# Muzzleloader Question (powder)



## tcba1987 (Jun 22, 2004)

I hunt with a CVA Wolf 50 cal and have always used 100 grains of pyrodex pellets and a 240 gr hornady sabot with it and i get GREAT groups at 100 yds . Heres is my dilemna........my son who is a small guy (100 lbs at most) has been offered a CVA Wolf to use for muzzleloader season to try to get his first deer...........the guys who owns it SAYS it kicks like a mule with 100 grains of pyrodex (mine doesnt) and that he would only load ONE 50 grain pellet in it for my son to use it............my question is this ............with a 240 gr sabot will the 50 cal have ANY knockdown power out to say 50-75 yds only using 50 grains of powder in it ?? ive never shot under 100 grains in mine and my dad uses 80 grains in his ML .........i just dont want my son to use this gun with ONLY 50 grains of powder in it and not have enough knockdown power.........what do you guys think ???


----------



## buckeyeguy (Aug 20, 2006)

You could let your son use your gun and you could use the borrowed one. I'm not real familiar with the CVA Wolf. I have several ML, one of which is a CVA Magnum Eclipse. It is not a break action and I found that I had to put some weight in the stock to balance it out. When I did this, I noticed a great reduction in recoil.

To add, my buddy shoots an NEF Huntsman ML with the 44/240 Hornady sabots (great bullet I might add) with 75gr of Pyrodex. I personally have shot one deer at 70 yards with clear pass through. Not sure about 50 gr though. It might be splitting hairs, but you may want to pick up a pack of the 30gr pellets. You may have more options with 30gr increments.


----------



## James30 (Apr 13, 2004)

Get one of the slip on recoil pads made by Sims, Limbsaver brand. I put one on my Benelli this year and it easily knocked out half the recoil. I was quite impressed.


----------



## Angler ss (May 15, 2008)

I have a TC muzzleloader the manual gives a bunch of loads TC recommends none of their loads used less than 100 grains of pyrodex.I also looked on the Hodgdon site it says that the 50 grain load should be used for small game for big game they recommend 100 grains.I would call Hodgdon at 1-913-362-9455 or www.hodgdon.com to see what they recommend, the web site has youth load info for shot guns and rifles mabey they can help you with a load for a muzzleloader.


----------



## Lundy (Apr 5, 2004)

I would reduce the powder to 70-80 grains and reduce the bullet weight to 200 gr., 200 shockwave, 195 Barnes or Knight Redhots, These bullets expand well. Reducing bullet weight really helps reduce recoil.

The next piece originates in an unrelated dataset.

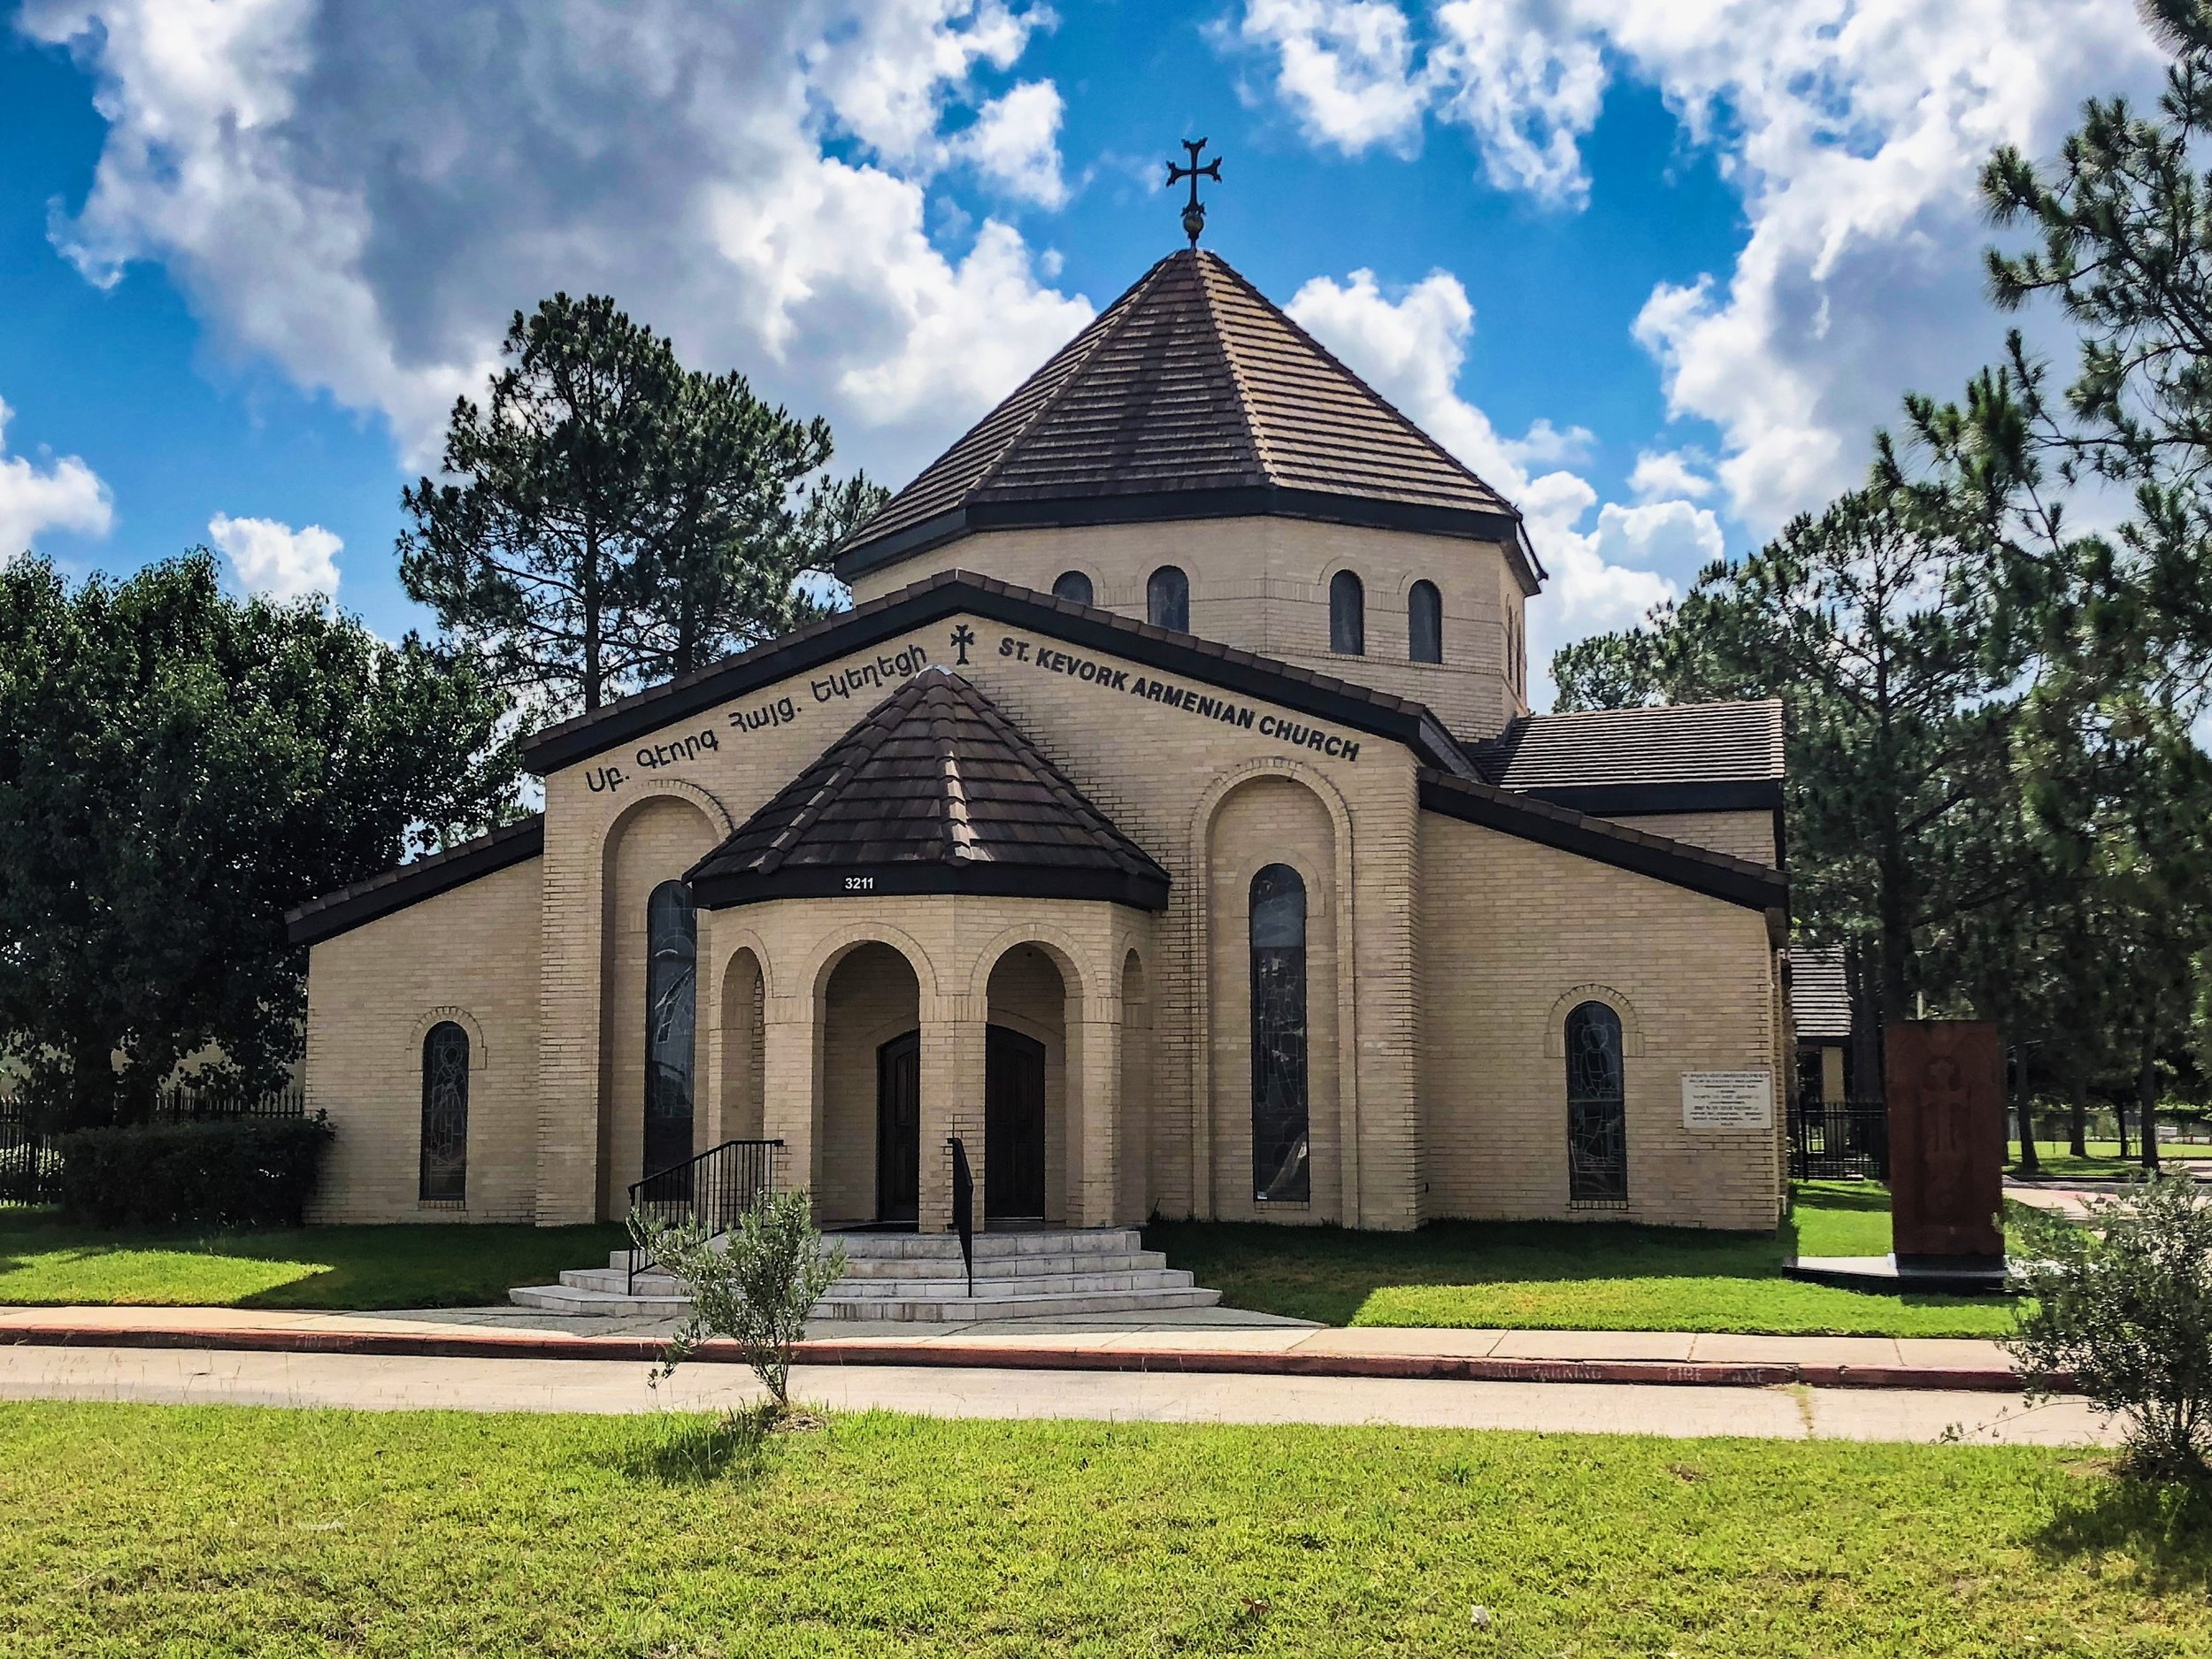 St. Kevork Armenian Apostolic Church in West Houston.

That should provide a low fairly low recoil and effective 75 yds of good deer killing power


----------



## Lundy (Apr 5, 2004)

I did a little checking.

Approx numbers

80 gr powder, 200 gr bullet, 1500-1600 FPS, 1100 Ft lbs muzzle, 830 ft lbs 75 yds

80 gr powder, 240 gr bullet, 1450-1550 FPS, 1200 Ft lbs muzzle, 930 ft lbs 75 yds.

I would not go any less than these loads in powder.


----------



## truck (Apr 12, 2004)

Go get some round balls will still kill deer with less recoil,I remember when you could only get round balls or maxi balls(and yes ppl killed deer with them back then)


----------



## tcba1987 (Jun 22, 2004)

THANKS guys for ALL of the good info and tips........i think i WILL start him out with 80 grains and maybe try some round balls.........or a lighter saboted bullet...........he should be able to handle it...........he shoots a 20 ga mossberg 500 pump during gun season and has NO problem with it .


----------



## NorthSouthOhioFisherman (May 7, 2007)

I've seen pics of your boy he's not much smaller than me so he could handle it I think....
I've shot plenty of muzzleloaders in my time and never had one kick more than a 20ga. Maybe your friends a sissy   Tell me how it does btw b/c my buddy wants a muzzleloader and walmart has a CVA for $100 good luck!


----------



## buckeyeguy (Aug 20, 2006)

You could try the round ball tactic, but I have had a lot of trouble shooting them out of my 1:28" twist in-lines. I experimented a while back with my Knight American Knight 50cal with No.11 primers and found that with 100gr, I could not get a sub 8 inch group. When I backed it down to 75gr of powder it tightened up to around 4 inch groups. 

I did a search and found this:
http://www.migunowners.org/forum/archive/index.php/t-33054.html

One person's comment was similar to my experience. Reduce the charge for round ball.


----------



## zipperneck52 (May 1, 2004)

I've got a wolf. I shoot 100 gr pyro with a 265 gr ballette[ skirted round ball w/ hollow base]. I get 2" groups at 100 yds and the recoil is very manageable. My son [the 145lb rail] loves to shoot it after getting punished by a 20 ga shotgun. Give your son a couple of shots with it to get him used to the push. I think he'll handle it ok.


----------



## sam kegg (Jun 23, 2007)

i have a cva wolf.. 100 grain with shock wave super glide sabots 250 gr. shoots like a dream,, i was told i can increase the powder by 50 gr, since its a magnum barrel making it shoot 150 gr, im wondering how many yards im good for


----------



## tcba1987 (Jun 22, 2004)

sam kegg said:


> i have a cva wolf.. 100 grain with shock wave super glide sabots 250 gr. shoots like a dream,, i was told i can increase the powder by 50 gr, since its a magnum barrel making it shoot 150 gr, im wondering how many yards im good for



you CAN shoot 150 gr in the wolf........but the barrel will get dirty alot faster (maybe 2 shots and you will be swabbing the barrel)............i didnt see much difference in the distance of my shots to be honest and the shots didnt hold as good of a group using 150 gr as when i used 100 gr !!!


----------



## sam kegg (Jun 23, 2007)

thats good to know... i think i will just stay with th 100 gr, it works fine.. thanks


----------



## tcba1987 (Jun 22, 2004)

i took my son out christmas day and he shot the WOLF ..........i ended up packing 100 grains in it and he shot a nice 3 shot group with it........he said he enjoys shooting it more then his 20 ga ..........im pretty confident that he will take a deer if he sees one in range !! [email protected] 

THANKS AGAIN guys for the advice !!


----------



## Cool Hunter (Dec 8, 2004)

Blackhorn 209 is a new powder and its great. Blows away the pyrodex and triple 7 powder. Its loose but it makes up for anything you gain with pellets. No swabbing between shots. Extremely clean. I used it with Barnes TMZ bullets. Go down easy and shoot great.


----------